Cudmore: "It's Now A Matter Of When, Not If, Markets Break Down"

Tyler Durden's picture

After yesterday's sudden last hour swoon, in which the DJIA tumbled over 200 points after the FOMC Minutes, the biggest intraday reversal in 14 months, suddenly the bears - especially those who until recently were on the fences - are getting more vocal, such as Mark Cudmore, Bloomberg's former FX trader who this morning writes that "it’s now a matter of when, not if, markets break down into a proper bout of risk-aversion." As for timing, he sayd that "we’re debating the hour rather than the week."

His full note:

The Markets Have Made Their Negative Feelings Clear

It’s now a matter of when, not if, markets break down into a proper bout of risk-aversion. As for timing, we’re debating the hour rather than the week.

The catalyst might be headlines from the Trump-Xi summit, or the ECB’s comments, or it might be the labor report tomorrow, or something else entirely. It doesn’t matter. Markets have made clear which way they want to go, they just haven’t picked which catalyst they’ll blame.

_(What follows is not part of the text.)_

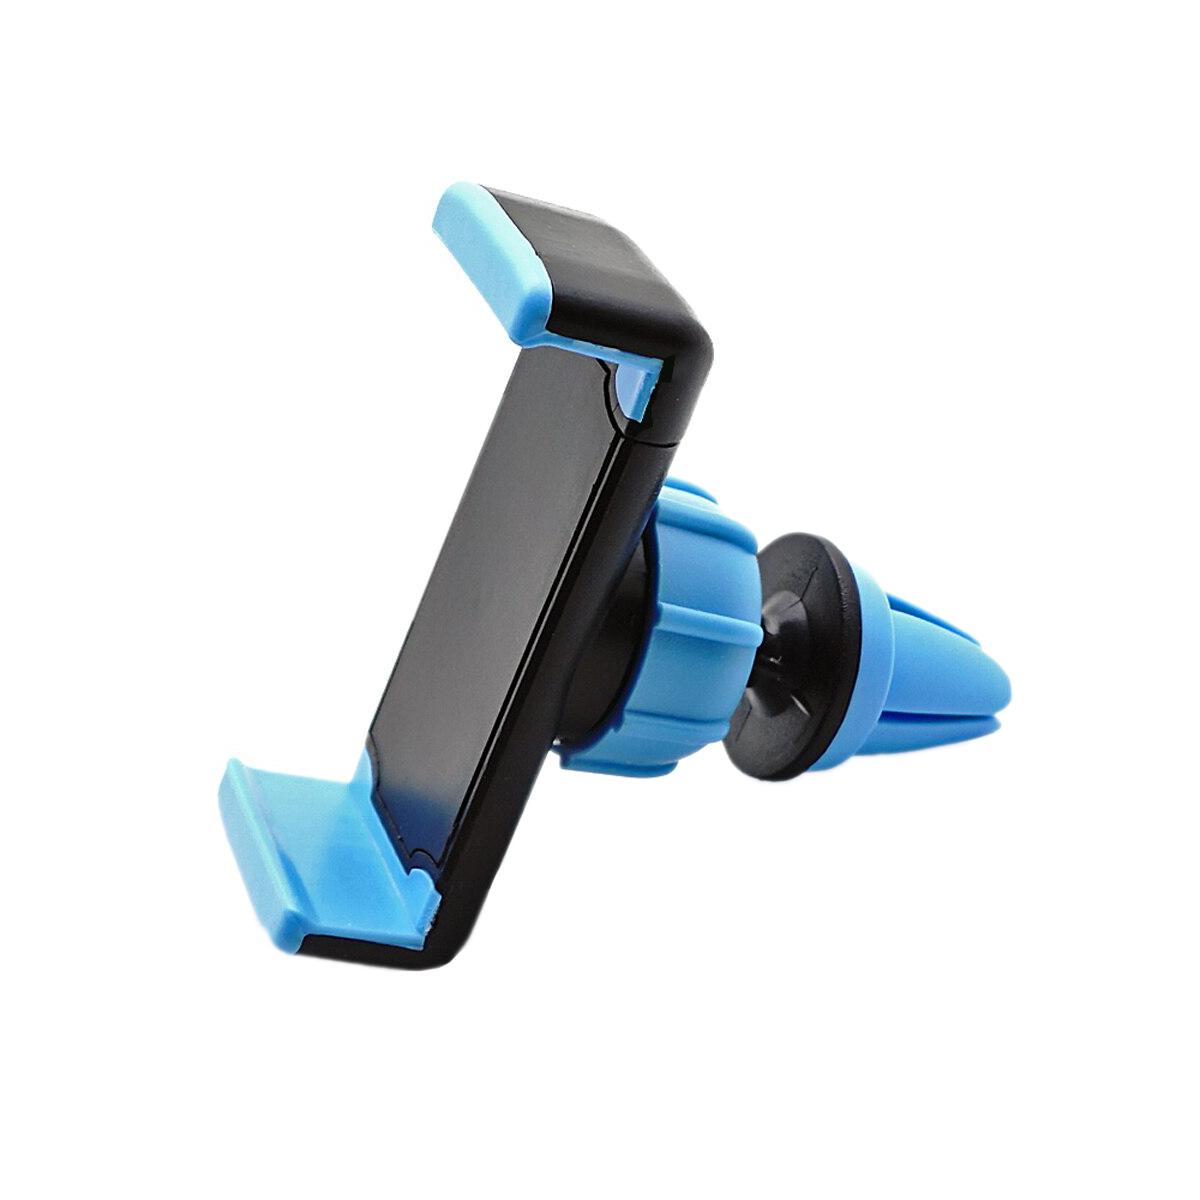 نگهدارنده گوشی موبایل مدل ventil main 1 3

It’s not about where assets are priced today -- the key levels have still not broken -- it’s the path they followed to arrive there. After the strong ADP jobs report, equities rallied, Treasuries fell, the yen slumped, etc. The moves were powerful enough to squeeze out weak risk-asset bears and breed complacency among bulls.

Then the Fed minutes were delivered. The reversals were sharp and just at the moment when nobody was thinking of the downside to risk assets. This means the market will have to chase these moves. But not aggressively quite yet -- most traders will now be nervously watching the ranges and counting on them to hold again.

The key remains the 2.3% yield level in 10-year Treasuries. With the Fed intimating that balance sheet reduction may come sooner than investors expected, thereby potentially reducing the pace of rate hikes, that market is fundamentally fragile as well.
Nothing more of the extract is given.